Very Fast Relaxation at Low Temperature of Tunneling States in Rare-Earth Doped Glasses

  • N. Vernier
  • G. Bellessa
Conference paper
Part of the Springer Series in Solid-State Sciences book series (SSSOL, volume 112)


To explain the low temperature properties of amorphous materials, the existence of Tunneling States (T.S.) has been assumed [1,2]. We report on the existence of a much faster relaxation than usual in a new type of insulating glass: an aluminosilicate glass doped with magnetic rare-earth ions (Dysprosium and Gadolinium). We present here the results of a saturation recovery experiment: we send in our sample a first strong acoustic pulse which saturates the resonant T.S. and then, we look at the saturation rate as a function of the elapsed time (fig.1).
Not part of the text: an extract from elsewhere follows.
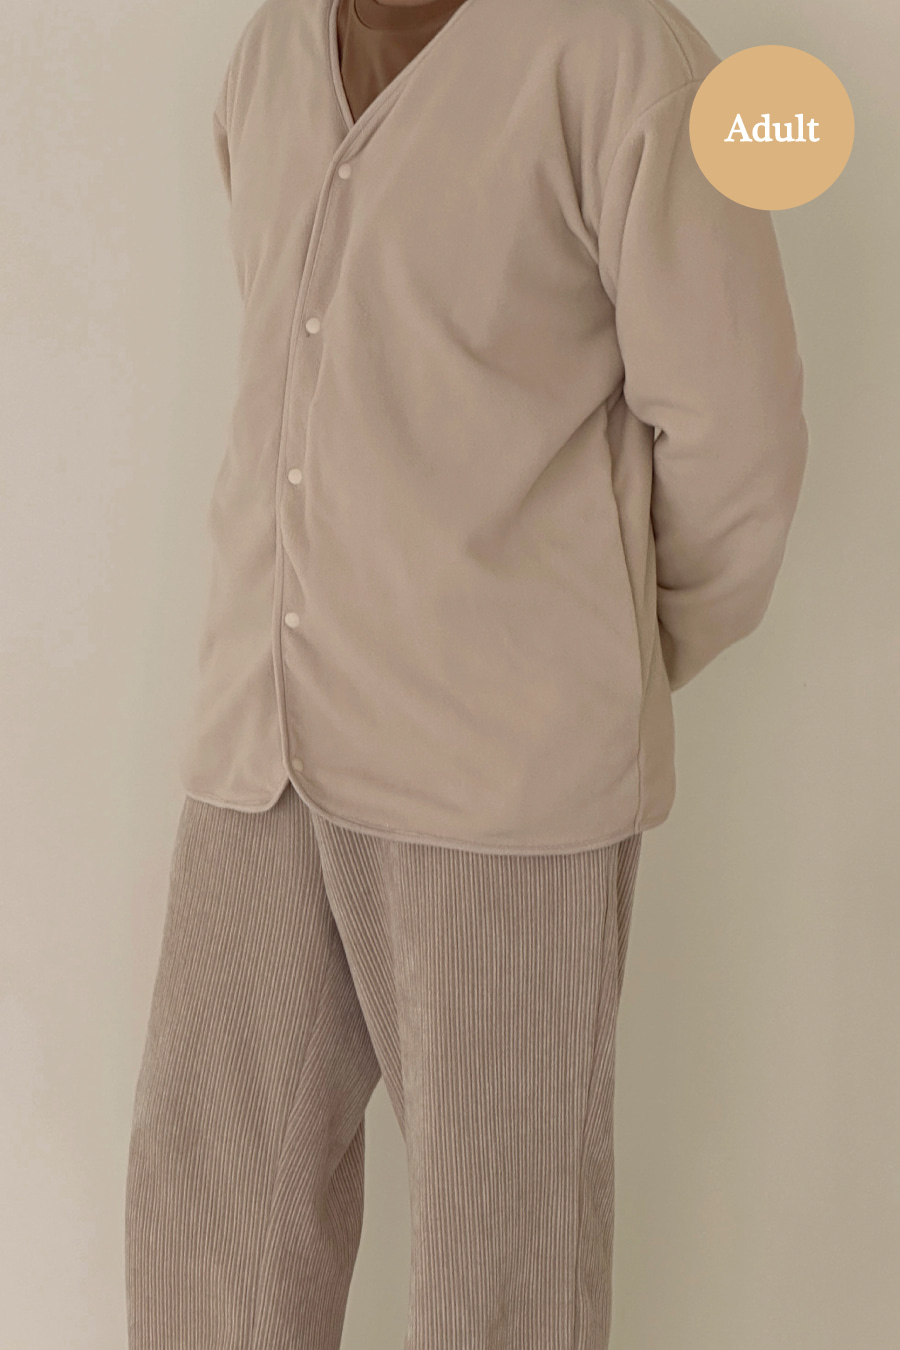 (Adult) Fleece cardigan

We have performed this experiment at about 15mK, for several magnetic ions concentrations from 0% to 10% and for several values of the magnetic field from 0 to 5 Tesla. Our results are shown in Fig.1 for different magnetic fields. The decay of the saturation rate is non exponential. This usual property is due to a distribution of relaxation time T1. This distribution has a lower boundary, which can be usually evaluated from the initial decay. We can see on Fig.1, that for the Dysprosium-doped glass the initial decay is very strong. The lower limit T1, min of the T1-distribution is less than 5μs. This value is to be compared with T1, min=200μs we have found in the non magnetic glass at same frequency and temperature. The magnetic field seems to have a little effect; it seems only to induce a little vertical translation of the curve. The increase of the Dysprosium concentration speeds up the relaxation: for an atomic concentration of 10%, the recovery of the thermal equilibrium is already completed after less than lμs.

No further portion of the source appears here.